Is violation of DRY principle always bad? [closed]
Those are entirely valid reasons to violate DRY. I should add a third: performance. It's rarely a big deal, but it can make a difference, and abstraction can risk slowing things down.
Actually, I'll add a fourth: wasting time and potentially introducing new bugs by changing two (or more) parts of a codebase that might already be working just fine. Is it worth the cost of figuring out how to abstract these things if you don't have to and it probably won't save any or much time in the future?
Typically, duplicated code is not ideal, but there are certainly compelling reasons to allow it, probably including further reasons than what the OP and myself have suggested.
Let's try to understand why DRY is important, and then we can understand where breaking the rule is reasonable:
DRY should be used to avoid the situation where two pieces of code are conceptually doing some of the same work, so whenever you change the code in one place you have to change the code in the other place. If the same logic is in two separate places, then you have to always remember to change the logic in both places, which can be quite error prone. This can apply at any scale. It can be an entire application that is being duplicated or it can be a single constant value. There also may not be any repeated code at all, it may just be a repeated principle. You have to ask "If I were to make a change in one place, would I necessarily need to make an equivalent change somewhere else?". If the answer is "yes", then the code is violating DRY.
Imagine that you have a line like this in your program:
cost = price + price*0.10 // account for sales tax
and somewhere else in your program, you have a similar line:
x = base_price*1.1; // account for sales tax
If the sales tax changes, you are going to need to change both of those lines. There is almost no repeated code here, but the fact that if you make a change in one place it requires a change in another place is what makes the code not DRY. What's more, it may be very difficult to realize that you have to make the change in two places. Maybe your unit tests will catch it, but maybe not, so getting rid of the duplication is important. Maybe you would factor the value of the sales tax into a separate constant that can be used in multiple places:
cost = price + price*sales_tax;
x = base_price*(1.0+sales_tax);
or maybe create a function to abstract it even more:
cost = costWithTax(price);
x = costWithTax(base_price);
Either way, it is very likely to be worth the trouble.
Alternatively, you may have code that looks very similar but isn't violating DRY:
x = base_price * 1.1; // add 10% markup for premium service
If you were to change the way sales tax is calculated, you wouldn't want to change that line of code, so it isn't actually repeating any logic.
There are also cases where having to make the same change in multiple places is okay. For example, maybe you have code like this:
a0 = f(0);
a1 = f(1);
This code isn't DRY in a few ways.
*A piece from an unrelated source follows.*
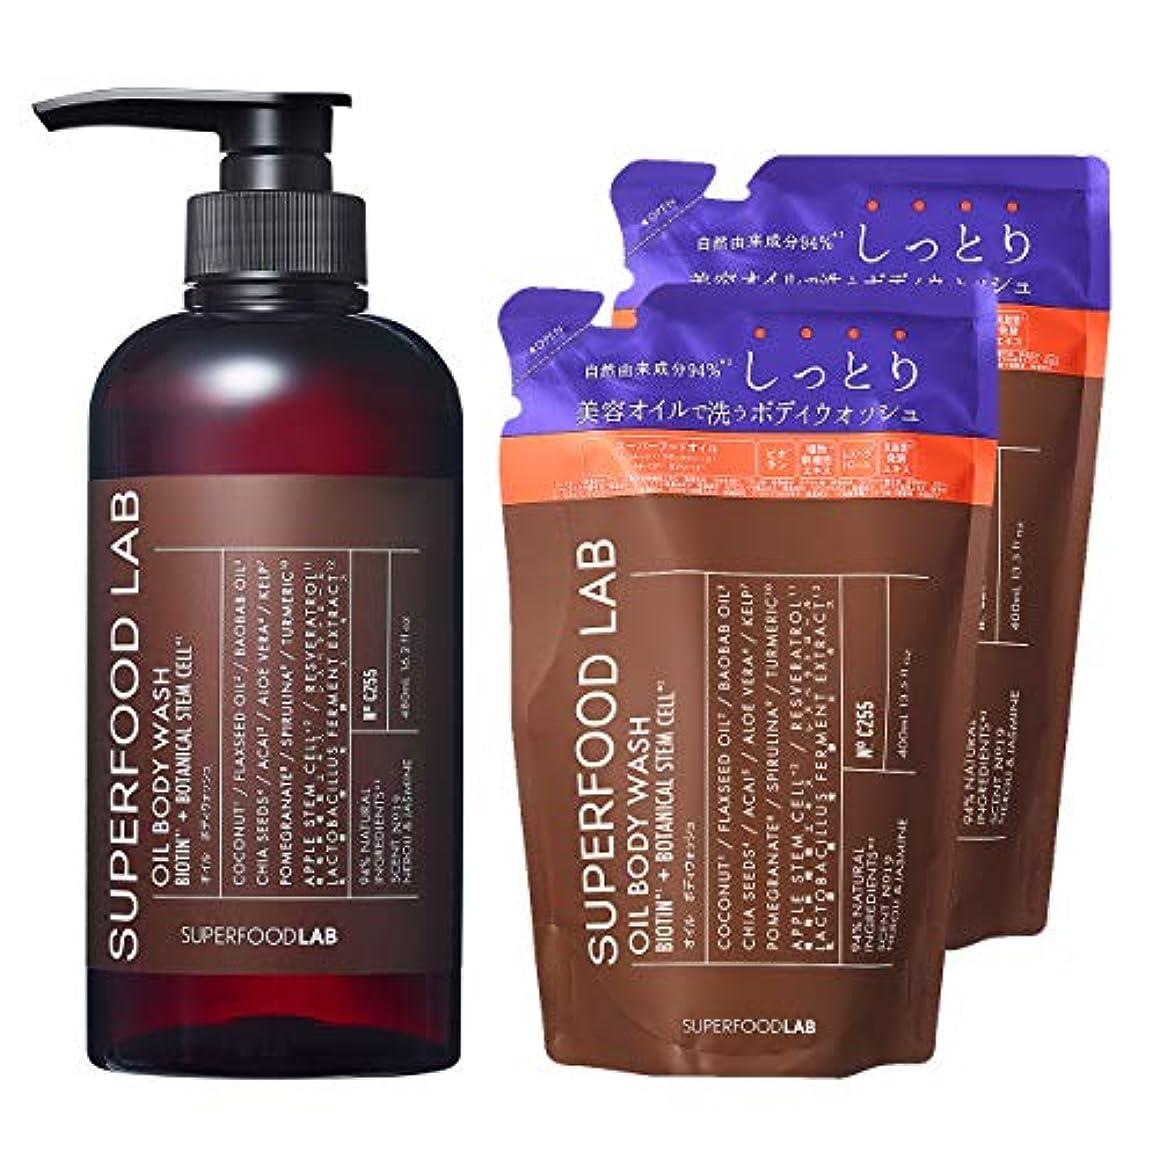 思いつく分頼むSFL(スーパーフードラボ) 美容オイルで洗う【しっとり】ビオチン+オイル ボディウォッシュ 本体+リフィル2個セット
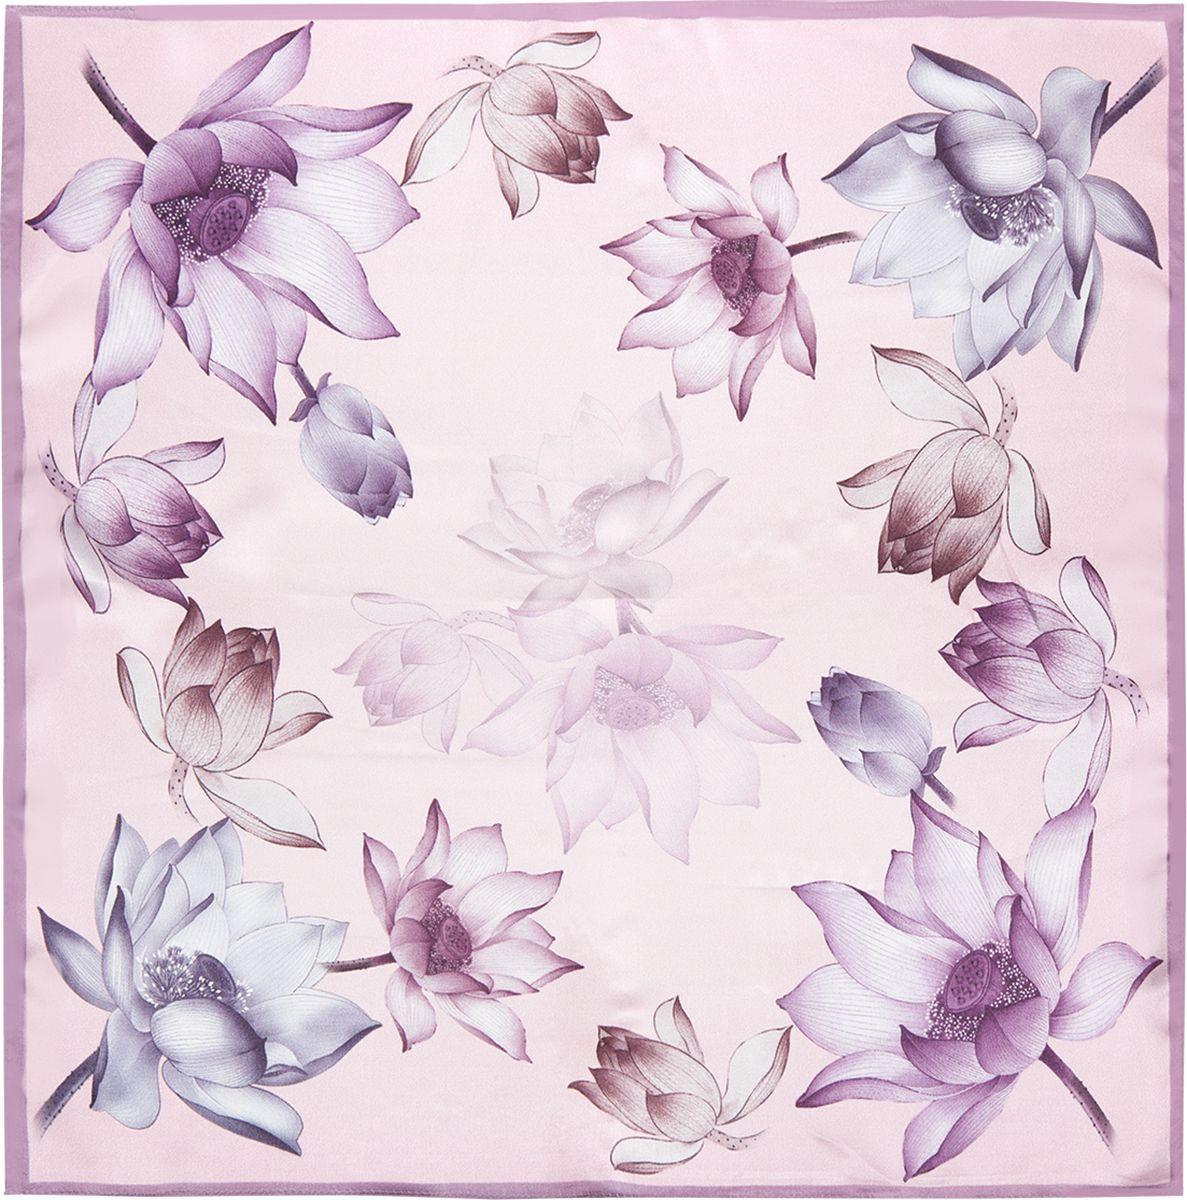 Платок женский Eleganzza, цвет: лиловый. SS03-7876. Размер 55 см х 55 смSS03-7876Платок Eleganzza выполнен из шелка. Модель оформлена цветочным принтом. Классическая квадратная форма позволяет носить платок на шее, украшать им прическу или декорировать сумочку.

For example, if you were to change the name of function f
, you would have to change two places. You could perhaps make the code more DRY by creating a small loop and turning a
into an array. However, this particular duplication isn't a big deal. First, the two changes are very close together, so accidentally changing one without changing the other is unlikely. Second, if you are in a compiled language, then the compiler will most likely catch the problem anyway. If you are not in a compiled language, then hopefully your unit tests will catch it.
There are many good reasons to make your code DRY, but there are many good reasons not to also.
Yes, certain code duplications are notoriously difficult to factor out without making the readability significantly worse. In such situations I leave a TODO
in comments as a reminder that there is some duplication but at the time of writing it seemed better to leave it like that.
Usually what happens is what you write in your first point, the duplications diverge and are no longer duplications. It also happens that the duplication is a sign of a design issue but it only becomes clear later.
Long story short: try to avoid duplication; if the duplication is notoriously difficult to factor out and at the time of writing harmless, just leave a comment as a reminder.
See also 97 Things Every Programmer Should Know:
p. 14. Beware the Share by Udi Dahan
The fact that two wildly different parts of the system performed some logic in the same way meant less than I thought. Up until I had pulled out those libraries of shared code, these parts were not dependent on each other. Each could evolve independently. Each could change its logic to suit the needs of the system’s changing business environment. Those four lines of similar code were accidental—a temporal anomaly, a coincidence.
In that case, he created dependece between two parts of the system that were better kept independent. The solution was essentially duplication.